Everything else in this post is just turning those four boxes into an ops-ready system.

Component Deep-Dive

Layer	Responsibility	Key Facts & Gotchas
AI Host	UI/UX + local LLM or remote API. Sends tool-calls as model-generated JSON.	Can maintain multiple simultaneous server connections; context window only carries intents & handles, not raw credentials.
MCP Client	Runtime library that: (a) discovers server schema; (b) validates/serialises calls; (c) handles retries & streaming.	Popular SDKs in TypeScript, Python, Rust, and .NET. CLI shim available for shell scripts.
MCP Server	Thin adapter exposing one or more actions.
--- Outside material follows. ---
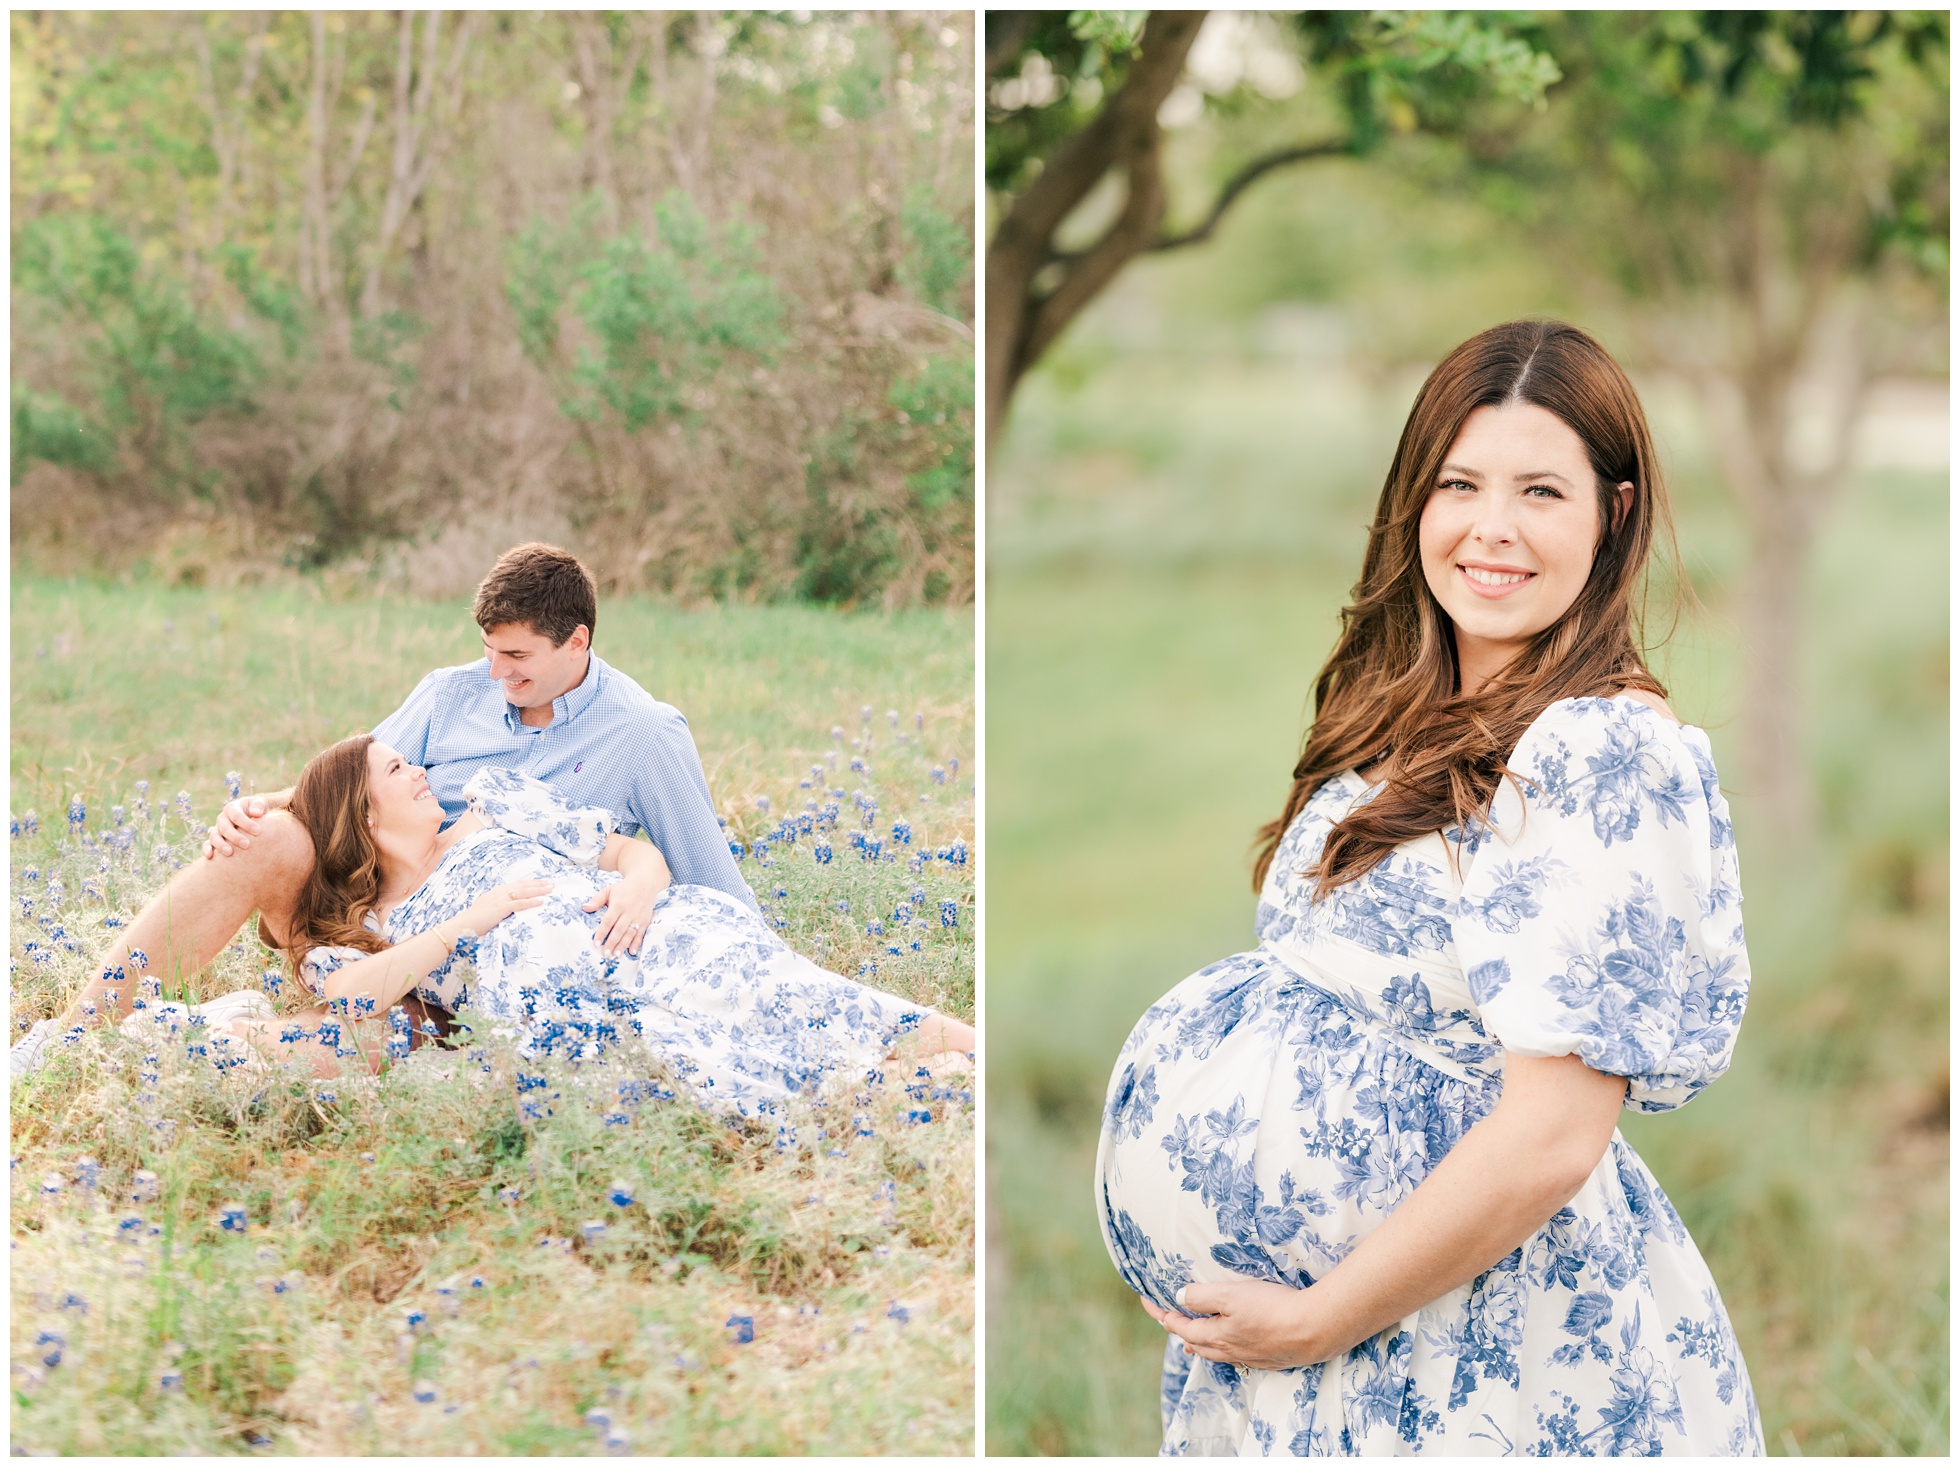 Outdoor Maternity Photography in The Woodlands, Texas.
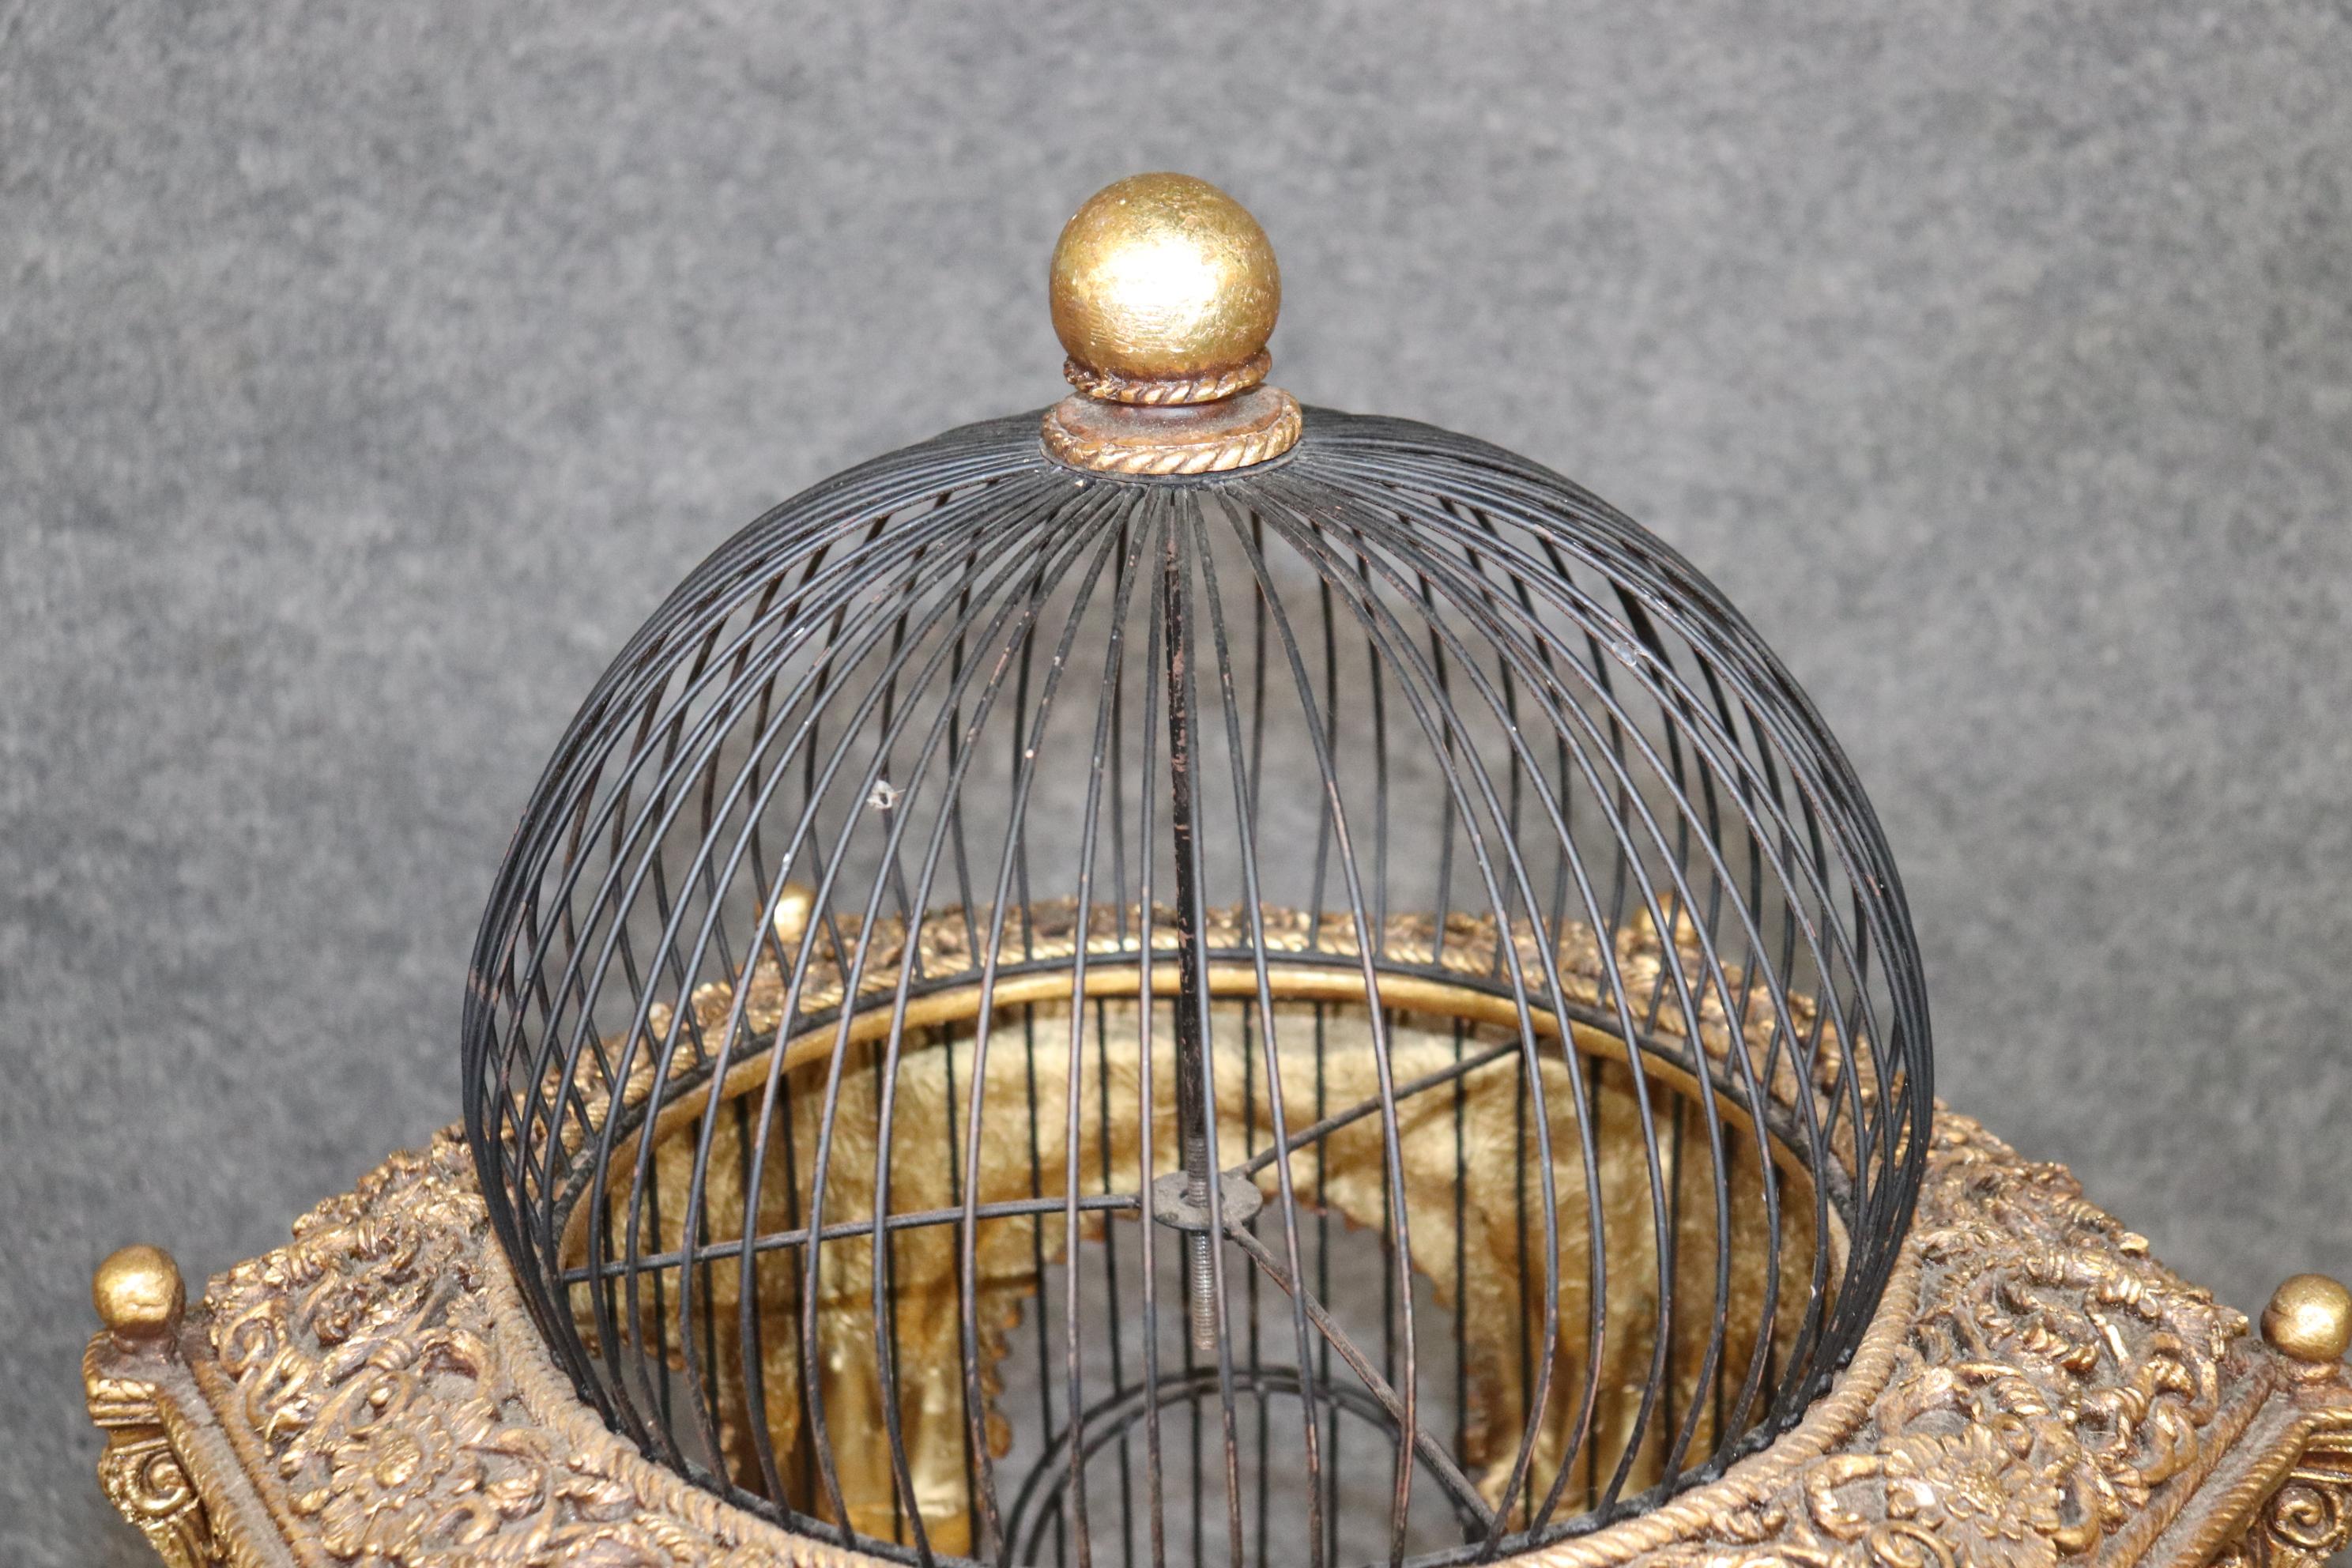 Baroque Elaborate Carved Gilded Arabesque Style Carved Parakeet Bird Cage

Translates JSON to native API calls and back.	Usually fewer than 200 lines of code when wrapping a REST API. Servers can advertise permissions per action (scopes).
External Service	Anything: GitHub, Postgres, Redis, local FS, HTTP scraping, robotics controller…	MCP keeps credentials here, not in the LLM. Servers often embed secret-manager clients or use mTLS when run on-prem.

Protocol Mechanics

Phase	Transport-agnostic JSON Shape	Example Snippet
Discovery	{“kind”:”mcp.schema”,”version”:”0.6″,”actions”:[…]}	Returns an OpenAPI-style schema with types & examples.
Invocation	{“kind”:”mcp.call”,”id”:”9ab1″,”action”:”list_pull_requests”,”params”:{“author”:”alice”}}	Client attaches call-id for streaming.
Result / Error	{“kind”:”mcp.result”,”id”:”9ab1″,”data”:[…]} or {“kind”:”mcp.error”,”id”:”9ab1″,”code”:”auth”,”msg”:”…”}	Supports chunked mcp.result.part for stdout-like streaming.

Streaming: MCP servers may send mcp.progress events (0-100 %) so the host can update the UI on long-running jobs (e.g., video transcription).

MCP Architecture

Follows a clear, practical client-server pattern designed specifically for building apps that integrate AI.

It consists of four components: the App, MCP Client, MCP Server, and External Service.

1. The App (AI Host)

The App is the user-facing software—like a chatbot, code editor, or a productivity app—powered by AI. It interprets your input, determines necessary actions (like fetching data or triggering tasks), and displays the results.

The app manages user interactions, decides workflow logic, and leverages AI models to improve decision-making (so this is the brain of your app).

2. MCP Client (Universal Connector)

The MCP Client acts as the universal adapter within your app. It’s a software component or library (often available in popular languages like Python, JavaScript, or Rust) that standardizes communication between the app and any external tools or services.

The client handles discovering available actions from MCP Servers, securely sending requests, handling retries, streaming results, and abstracting away complex protocol-specific details (think of it as your smart plug adapter).

3. MCP Server (Protocol Translator)

An MCP Server is a lightweight service that exposes specific capabilities or actions of external tools via the MCP protocol. It accepts standardized MCP requests from clients and translates them into tool-specific operations, like calling APIs, executing SQL queries, or performing file operations.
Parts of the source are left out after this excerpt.